## AIM OF THE EXERCISE
When you reach the line below that has "Sign permitting alcohol", start returning lines exactly, and stop after the line that has "cantarettu-locations-site-web-corse"; skip the pictures.

## TASK DATA
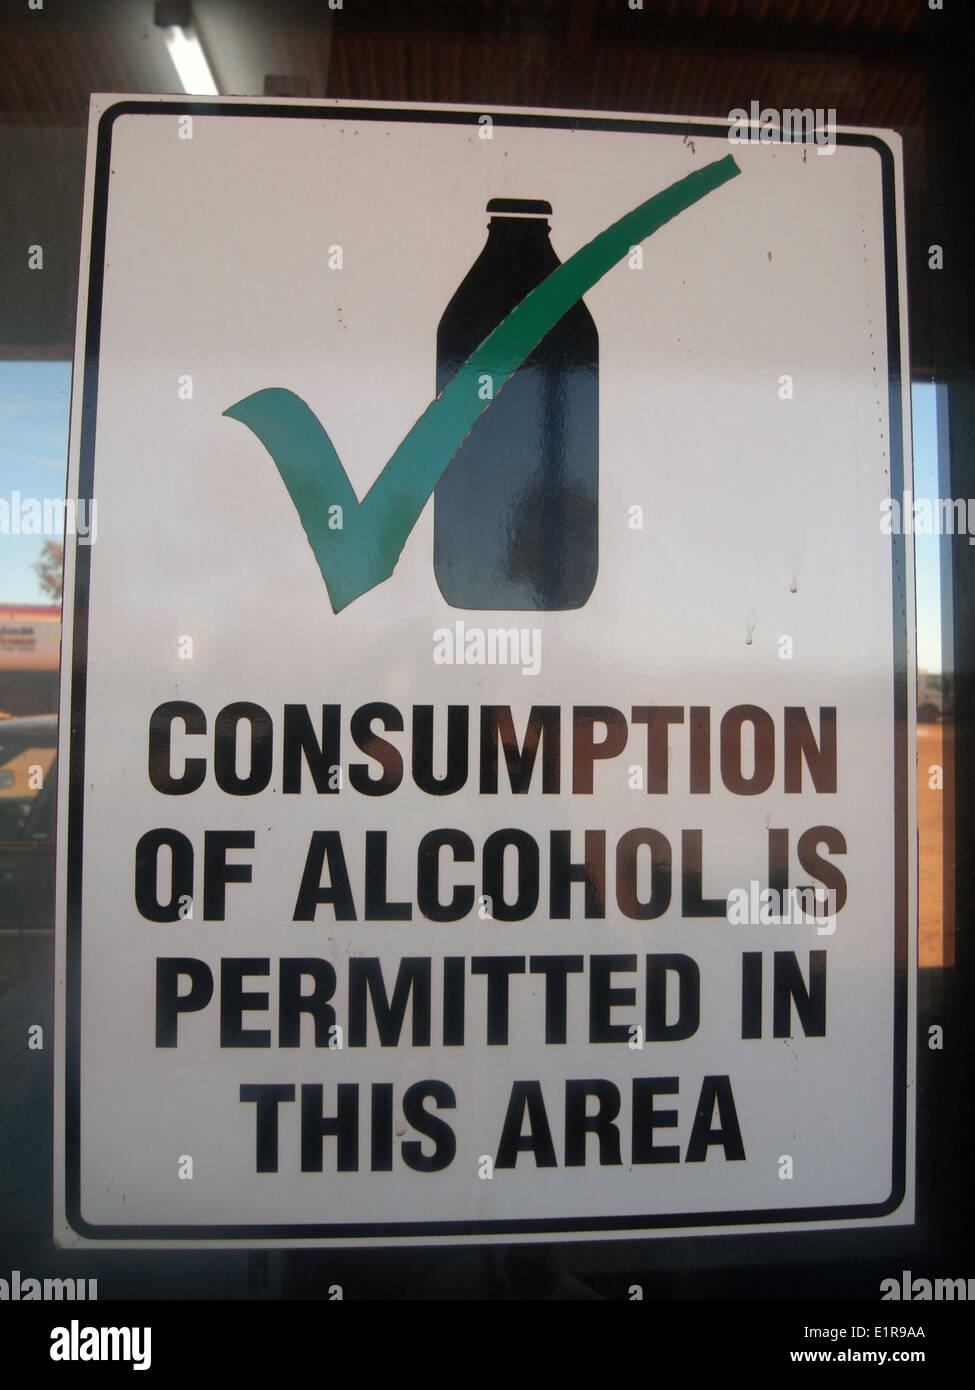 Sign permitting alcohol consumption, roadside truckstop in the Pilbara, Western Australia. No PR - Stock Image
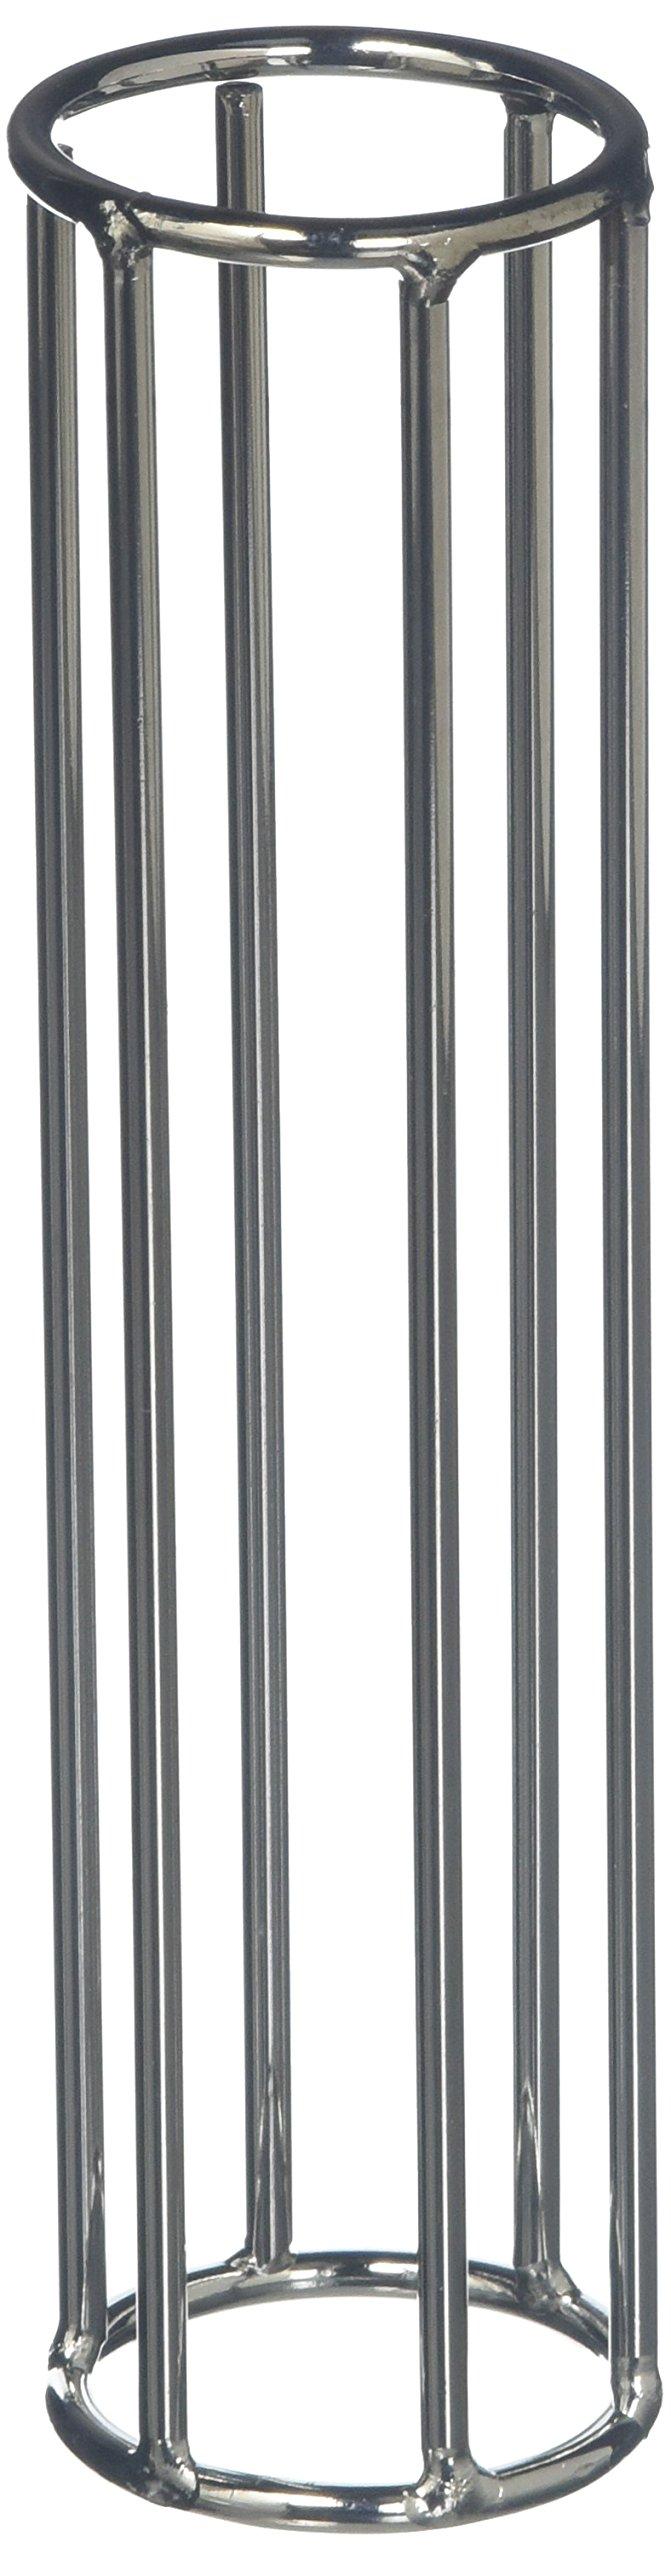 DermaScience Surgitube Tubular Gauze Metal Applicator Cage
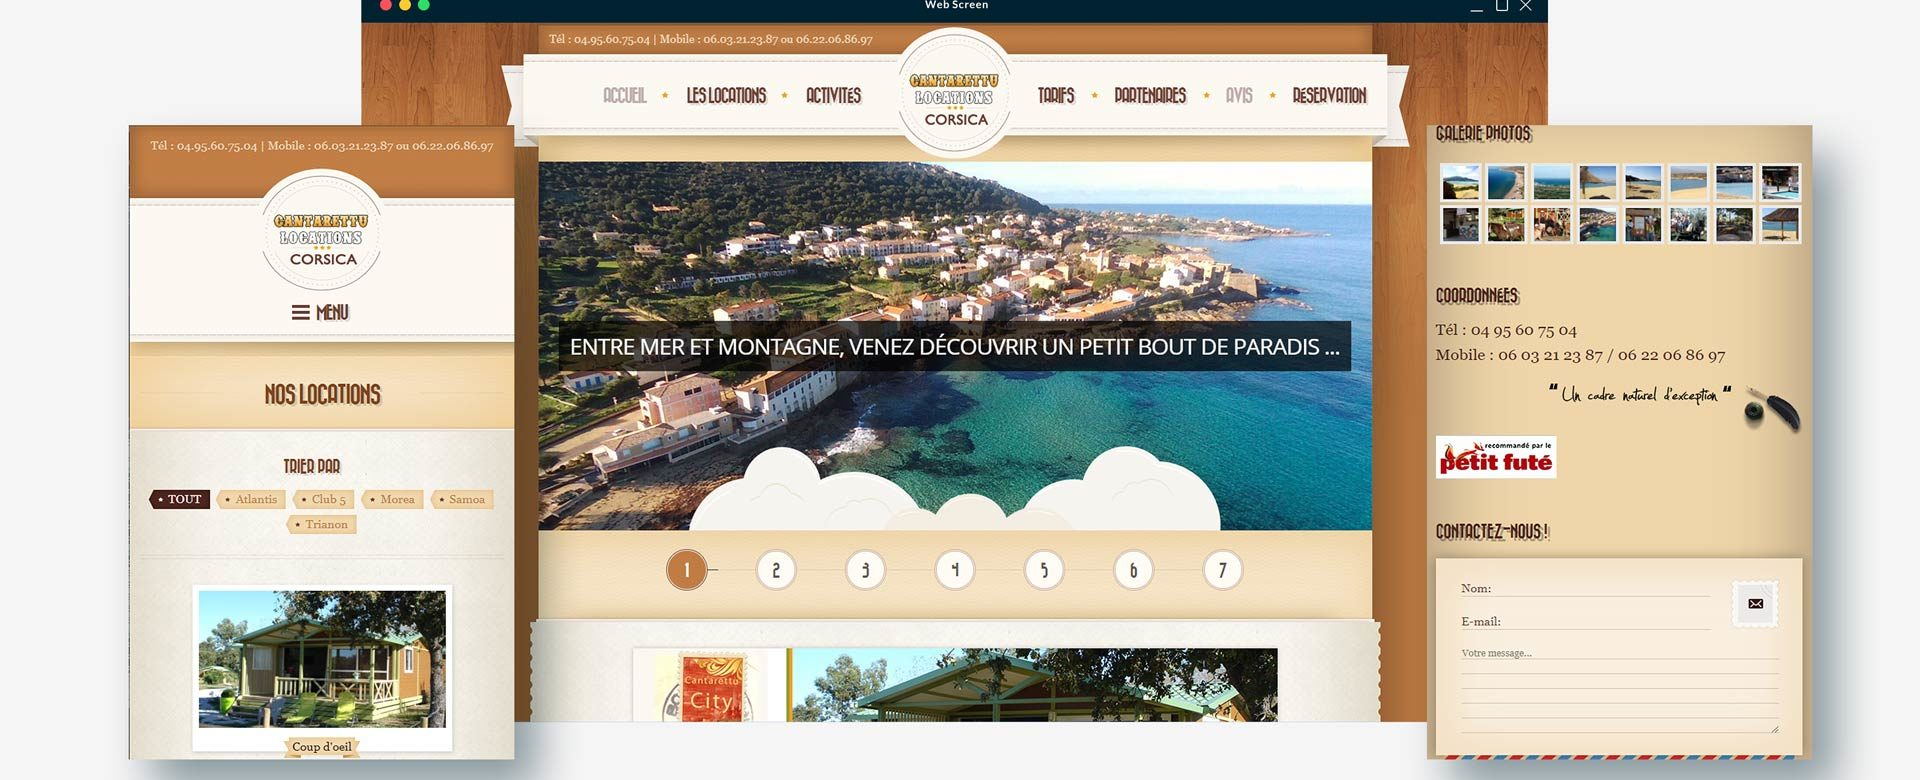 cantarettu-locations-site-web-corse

...

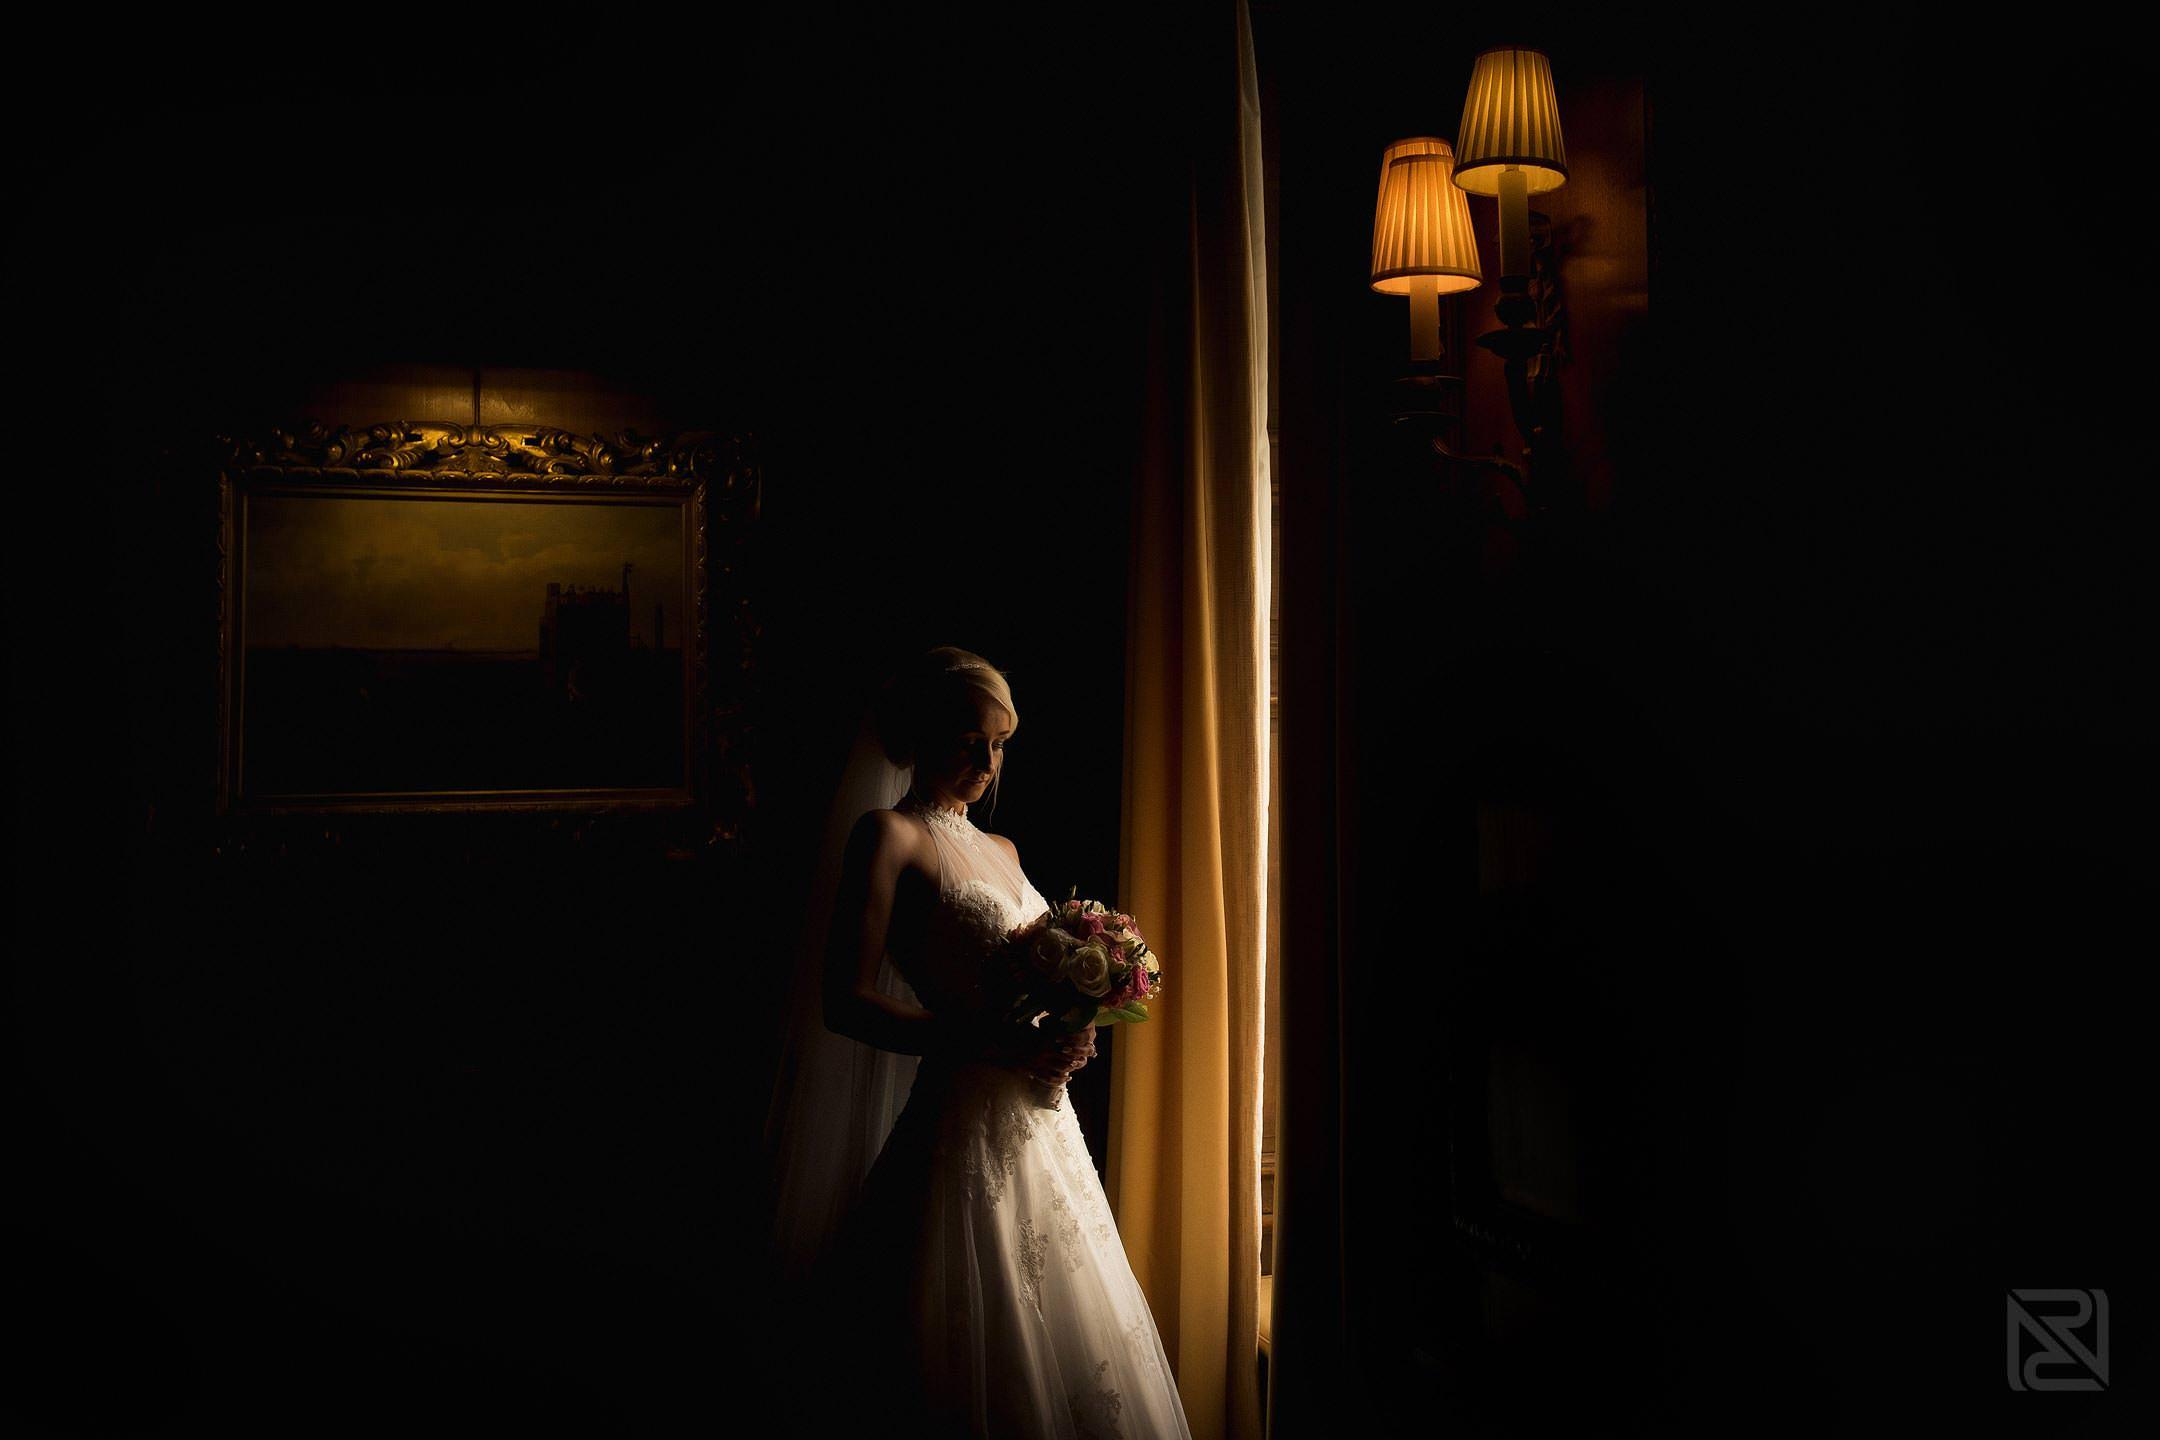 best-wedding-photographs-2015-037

## RESPONSE FOR THIS EXERCISE
 Sign permitting alcohol consumption, roadside truckstop in the Pilbara, Western Australia. No PR - Stock Image
 DermaScience Surgitube Tubular Gauze Metal Applicator Cage
 cantarettu-locations-site-web-corse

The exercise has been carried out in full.